Wideband Polarimetric Directional Propagation Channel Analysis Inside an Arched Tunnel

2009 
A wideband directional measurement campaign was managed inside an arched highway tunnel to analyze the radio propagation channel inside such tunnel for future cellular systems in terms of coverage, delay spread and dominant scatterers. Measurements were performed in 3 rounds with different transmitter positions. Using a wideband channel sounder equipped with a cylindrical dual polarized array at the receiver, the spatio-temporal characteristics of the received propagation paths could be estimated by means of a super-resolution estimation algorithm. The extracted paths using this super-resolution algorithm constitute 88% of the total received power. It was also observed that the line-of-sight component (53%) plus single-bounce scattering (26%) comprise up to 79% of the total received power.
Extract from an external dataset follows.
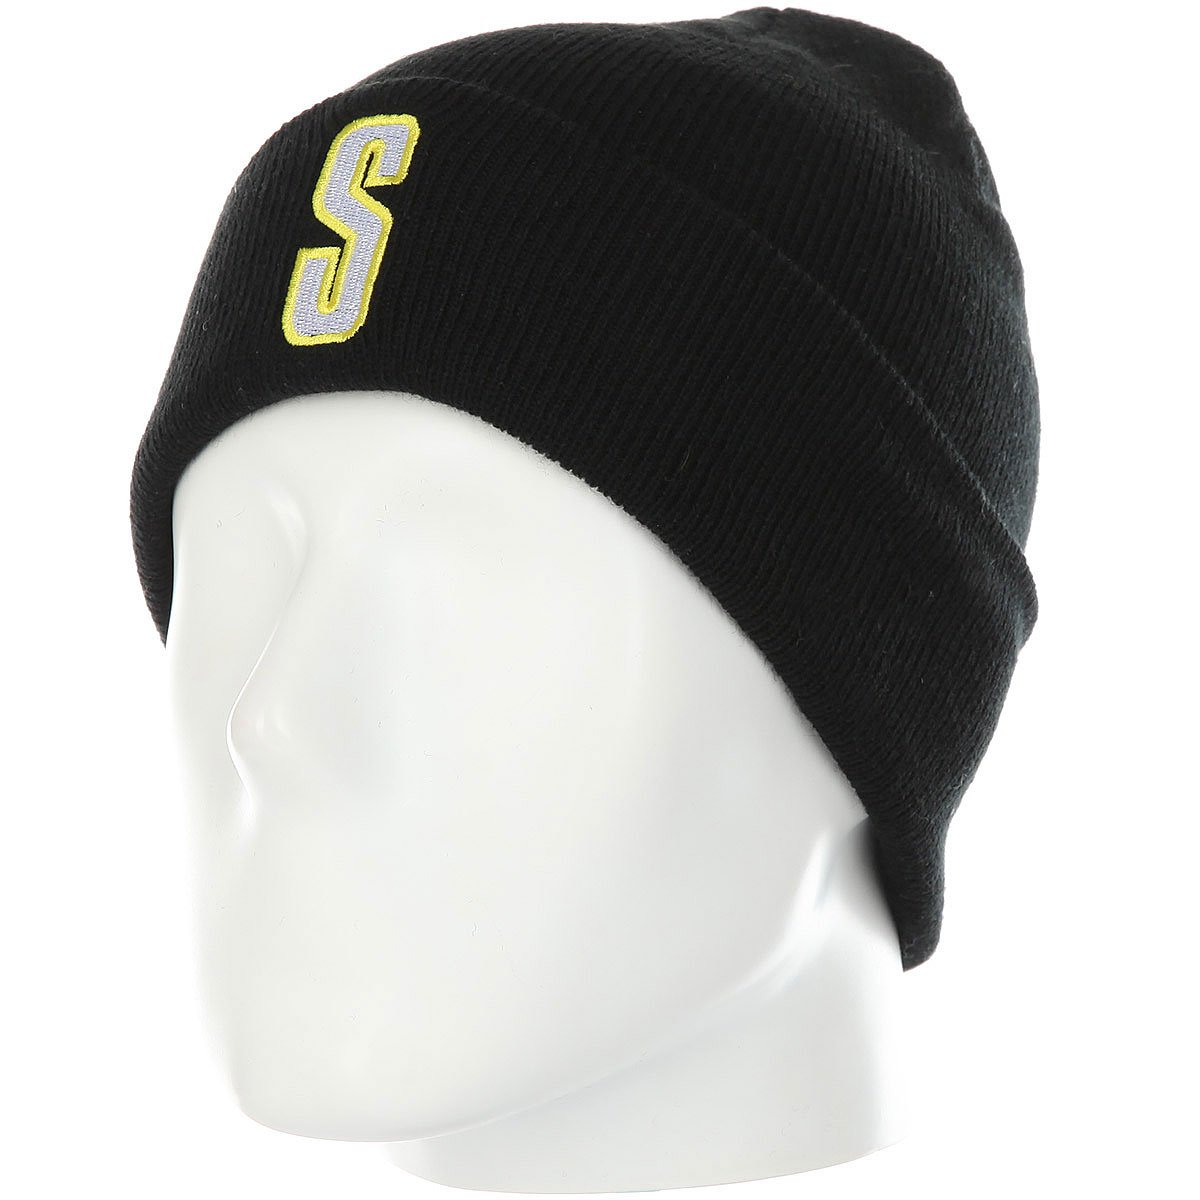 922404a3935 Купить шапку Stussy Vintage S Cuff Beanie Black в интернет-магазине ...

In other words, more than 90% (i.e. 79% in 88%) of the extracted paths consists of the line-of-sight component and single-bounce scatterings. The strong contribution from single-bounce scattering paths causes the path gain exponent along the tunnel to be larger than -2 which is the value for free space. This validates that there is wave guiding effect in the tunnel and coverage is extended relative to open space. The rms delay spreads are generally less than 20 ns and increase when influenced by scattering objects such as jetfans. The dominant scatterers are identified and classified into 6 classes based on the structure of the tunnel and existing objects such as ground, wall, light-frame, ceiling, jetfan and cleaner-parking. It was observed that scattering from ground was dominant among all classified scatterers in all scenarios.